## INPUT DATA
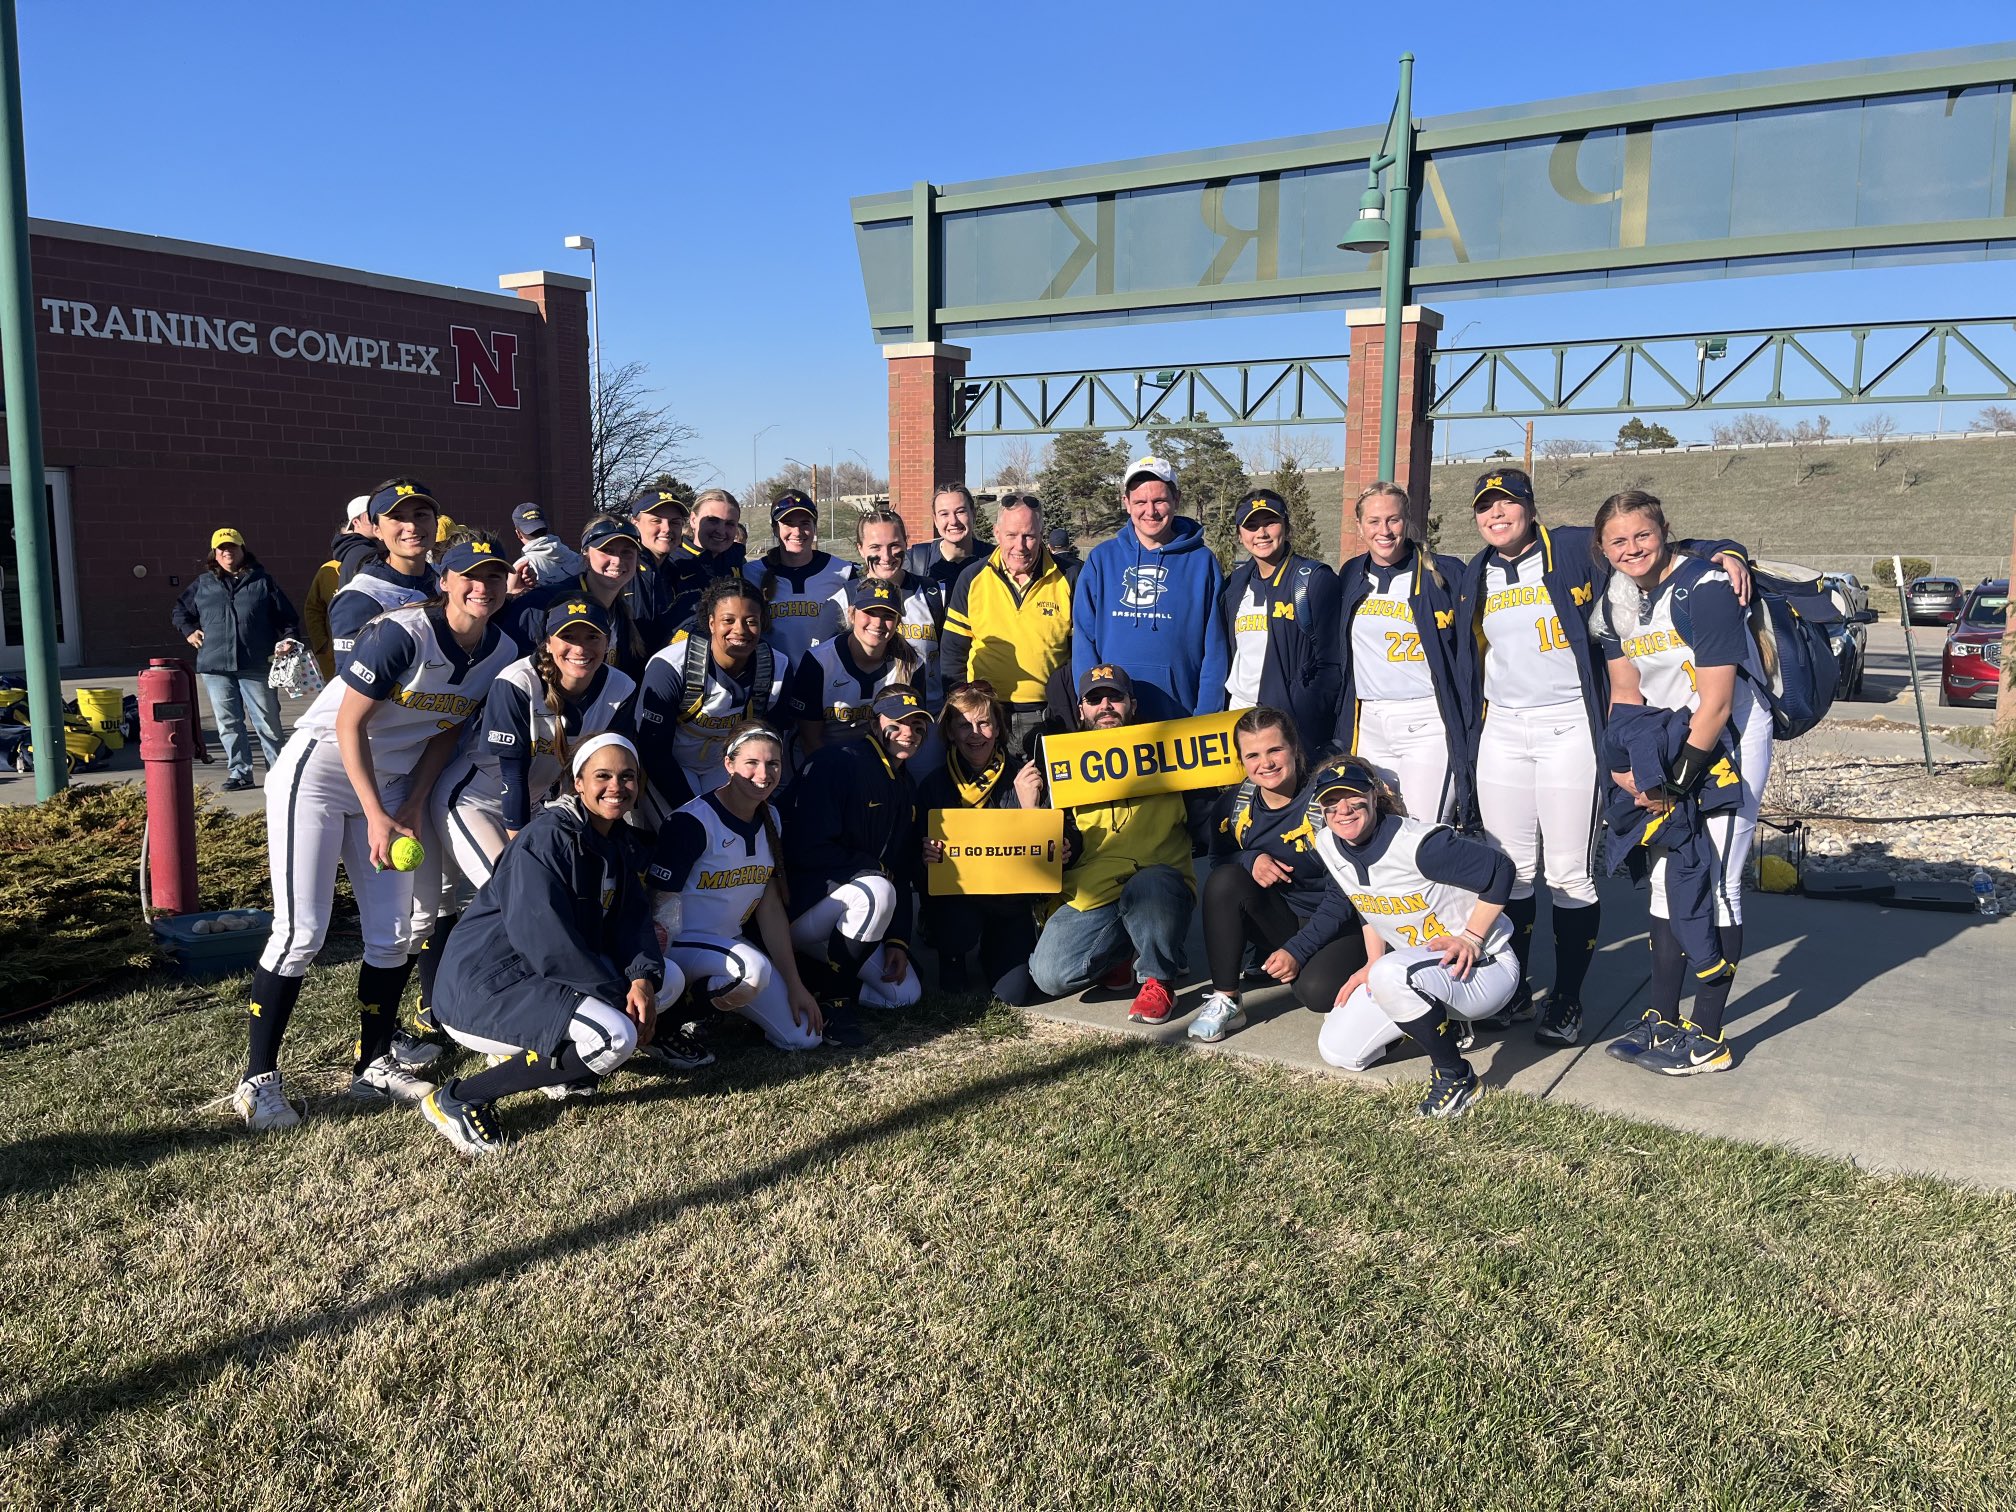 Members of the UM Club Of East Nebraska pose with U-M softball players and "Go Blue" signs outside a brick sports complex.
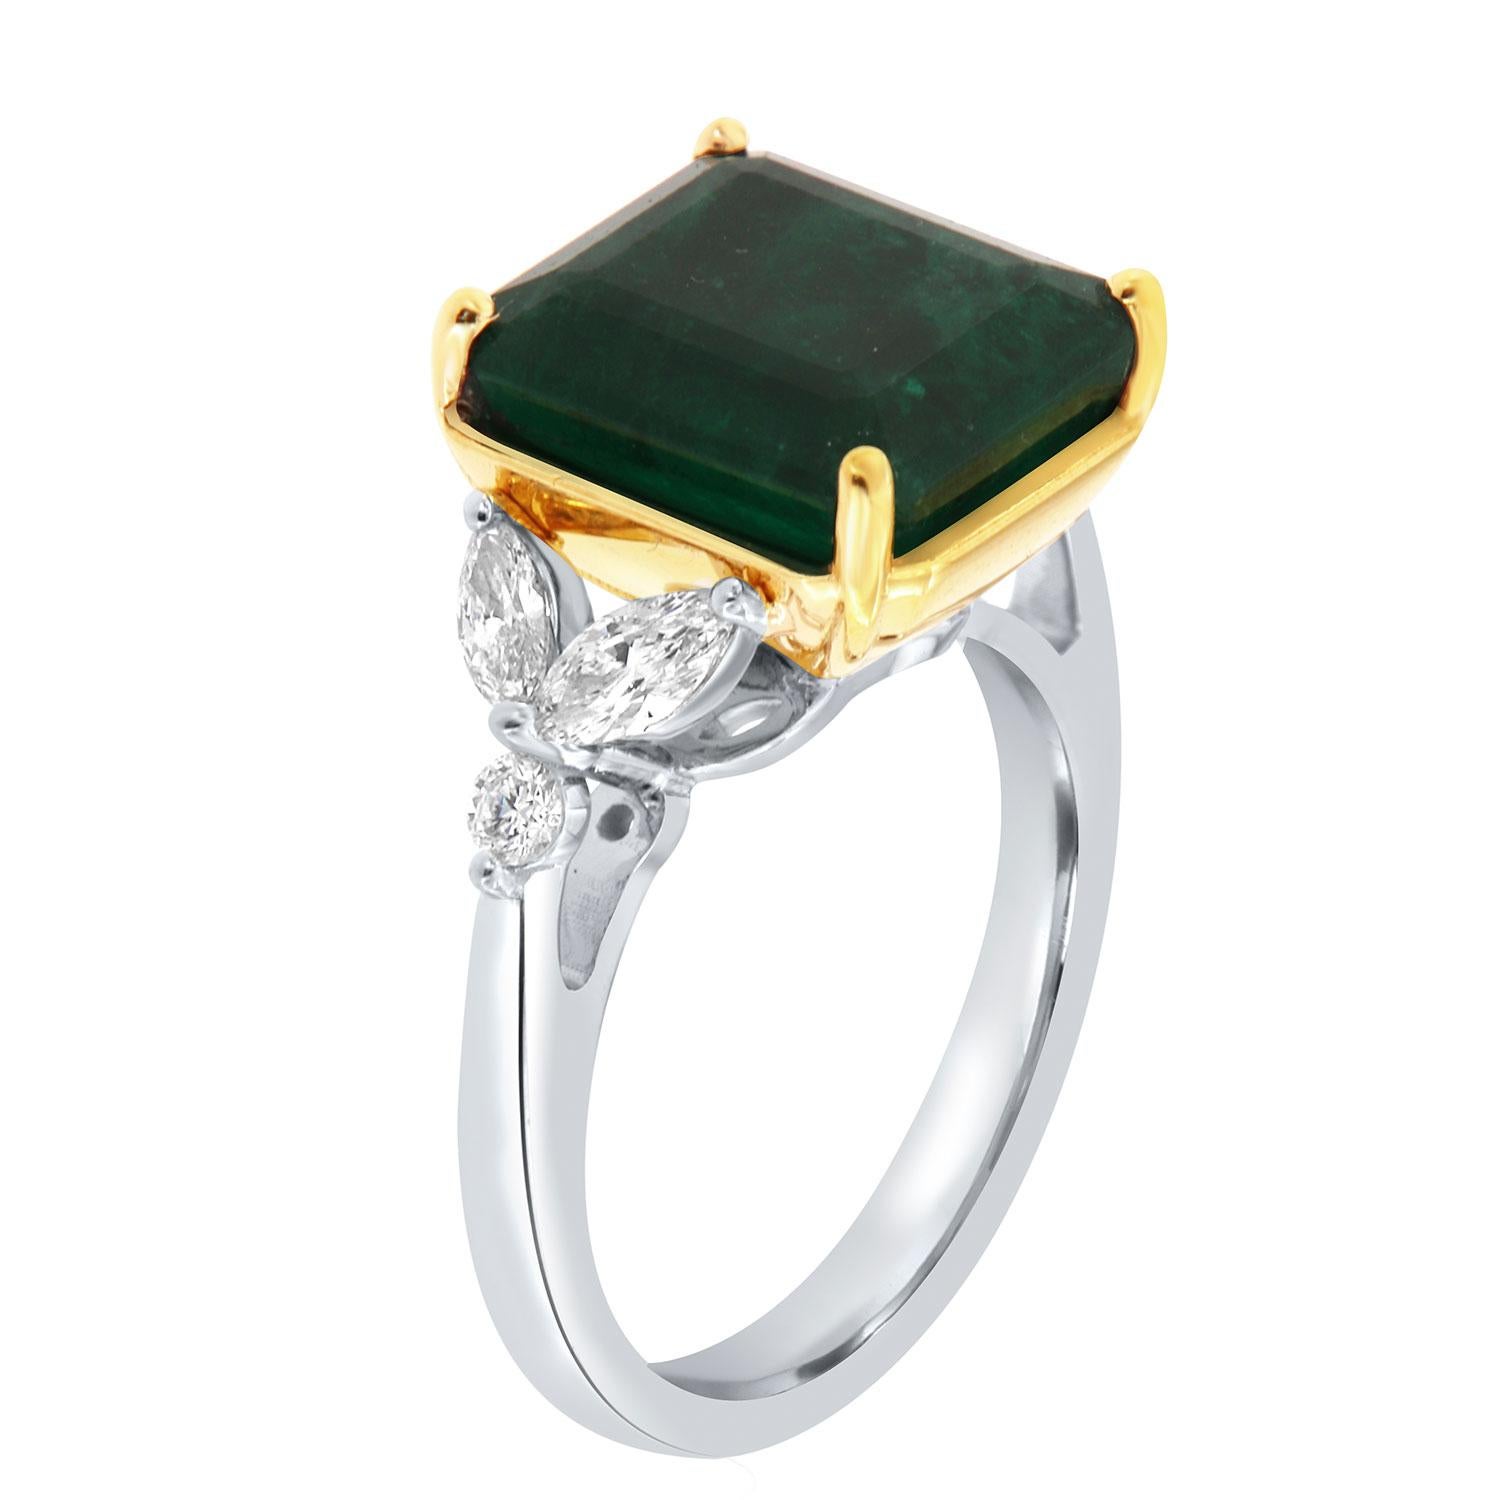 This stunning Platinum and 18k yellow gold ring feature a 6.53 Carat Emerald cut deep green Natural Emerald flanked by two (2) Marquees shape and one(1) Round shaped diamond on each side in a total weight of 0.58 Carat on a 2.4 mm wide band.
This

## WHAT YOU HAVE TO DO
Copying starts at the line containing "This stunning Platinum" and ends at the last line of the material above; repeat only those lines exactly and omit the pictures.

## RESULT OF THE TASK
 This stunning Platinum and 18k yellow gold ring feature a 6.53 Carat Emerald cut deep green Natural Emerald flanked by two (2) Marquees shape and one(1) Round shaped diamond on each side in a total weight of 0.58 Carat on a 2.4 mm wide band.
This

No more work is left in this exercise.